Developing Asia to lose up to half of foreign direct investment: UN

Linda J. Dodson

NEW YORK — Foreign direct investment to developing economies in Asia is projected to decrease between 30% and 45% this year because the region’s status as the world’s factory makes it particularly vulnerable to disruptions from the coronavirus pandemic, the United Nations said in its annual World Investment Report.

“Flows to developing Asia will be severely affected due to their vulnerability to supply chain disruptions, the weight of [global value chain]-intensive FDI in the region and global pressures to diversify production locations,” said the report, published Tuesday by the U.N. Conference on Trade and Development.

Developing Asian economies, defined to also include wealthier Singapore, Hong Kong and South Korea, received almost a third of the world’s FDI inflows in 2019 at $473.9 billion, according to the report.

The region’s greenfield investment — the factories, research centers and offices that a company builds when it enters a foreign country — has already seen a 37% decline from January to March from last year’s quarterly average, according to the report. Cross-border mergers and acquisitions in April, albeit showing a rebound from an apparent trough in March, are 35% below the monthly average of 2019.

China, which accounted for 29% of the region’s investment inflows last year, saw 13% less inbound investment in the first quarter on the year, excluding the financial sector.

In Southeast Asia, considered the region’s growth engine for FDI, greenfield investment in automotive production and electronics announced in the first quarter of 2020 fell by 67% and 36% respectively, as compared with the quarterly average last year.

In addition to domestic lockdowns and labor disruptions, Southeast Asia’s manufacturing industry has suffered from supply problems as well. Factories in Indonesia, Thailand and Vietnam source between 40% to 60% of their electronics parts and components from China, according to the report.

The drastic plunge in inbound capital to the region since the pandemic follows a year of record investment into China and Southeast Asia in 2019. On the whole, FDI in developing Asia declined 5% last year, driven largely by a 34% drop in Hong Kong and a 13% drop in South Korea, due to the former’s social unrest and the latter’s trade rift with Japan.

And though much of developing Asia has returned to work, inbound investment is still unlikely to increase meaningfully anytime soon. Large-scale lockdowns have slowed the implementation of existing projects in host countries. Meanwhile, the prospect of a deep recession and already declining corporate earnings at multinational corporations will diminish their capacity and willingness to reinvest.
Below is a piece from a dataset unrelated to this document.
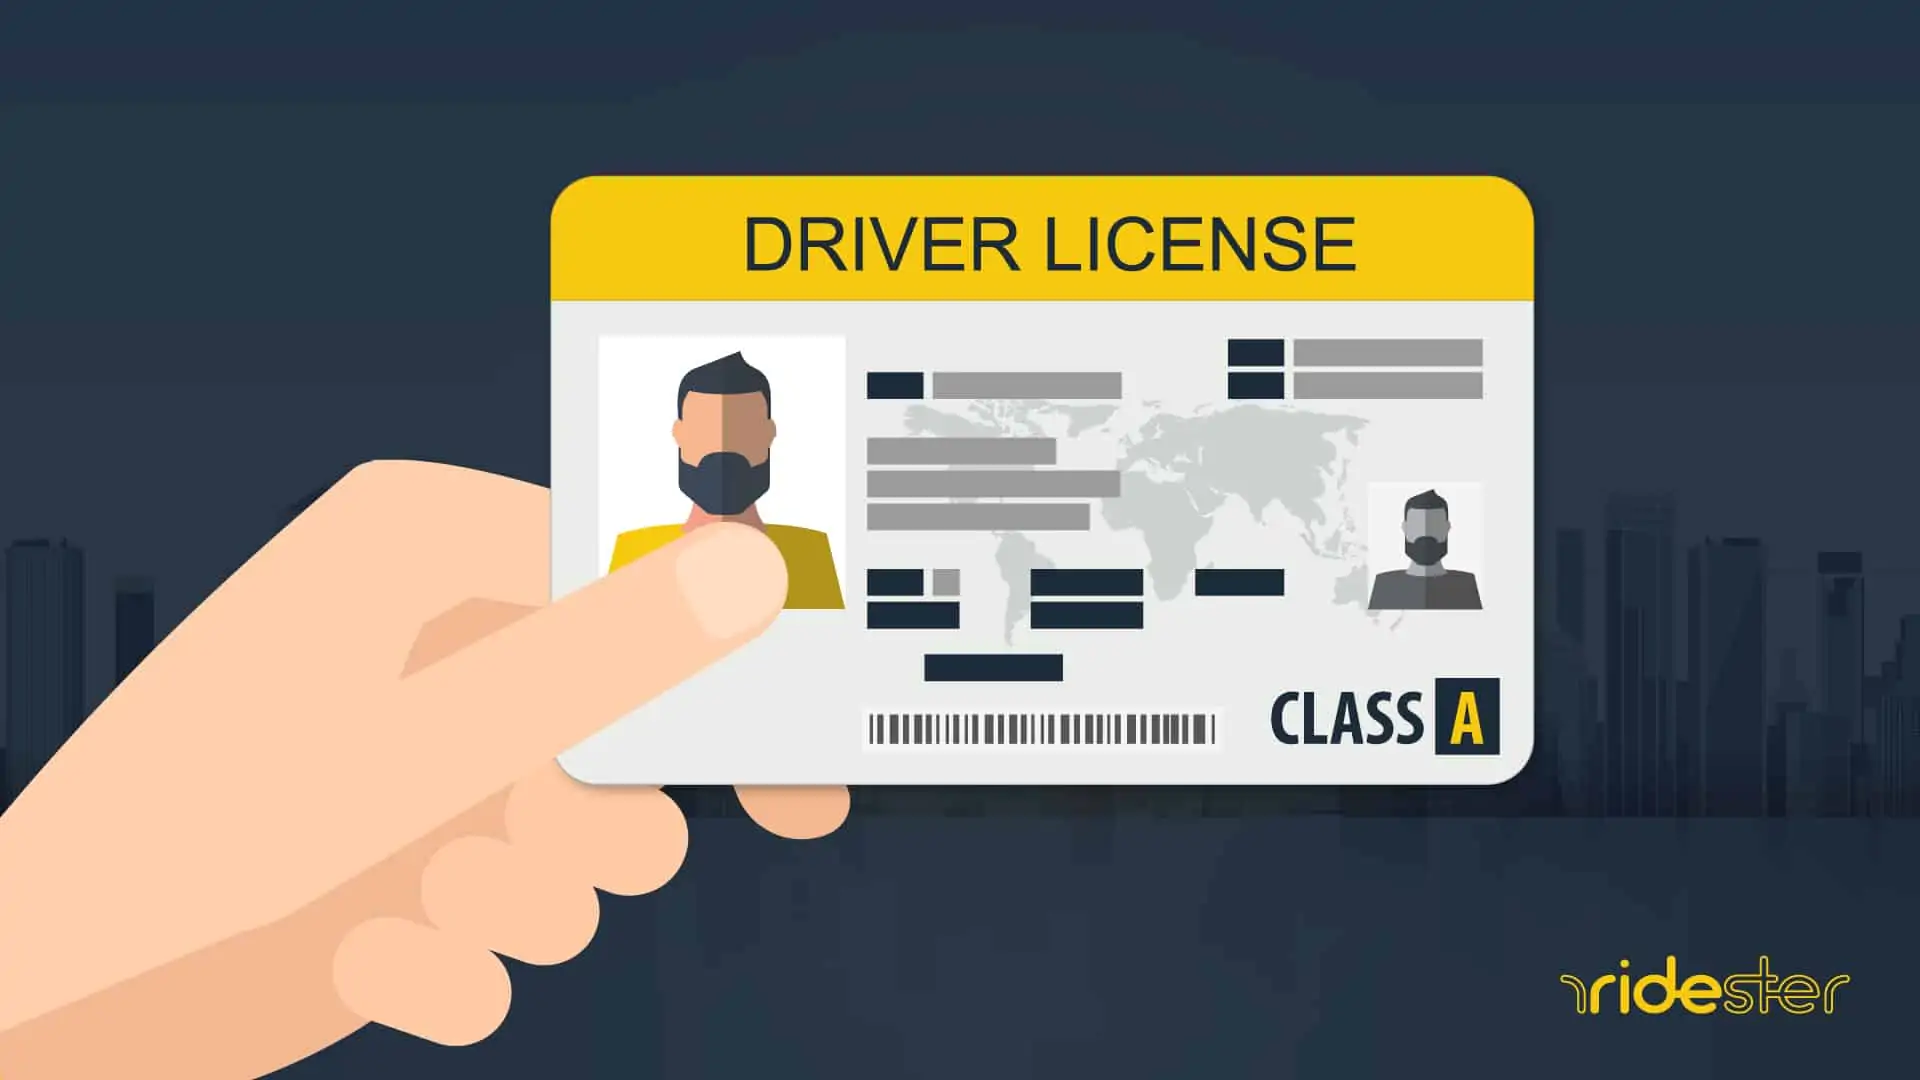 a man's hand holding a class a license

“The pandemic is a supply, demand and policy shock for FDI,” the report said.

The U.N. body expects global cross-border investment to initiate a recovery in 2022, but warned that trends accelerated by COVID-19 shocks, such as reshoring in pursuit of supply chain autonomy, as well as a “policy shift towards more economic nationalism,” will have “far-reaching consequences for the configuration of international production in the decade to 2030.”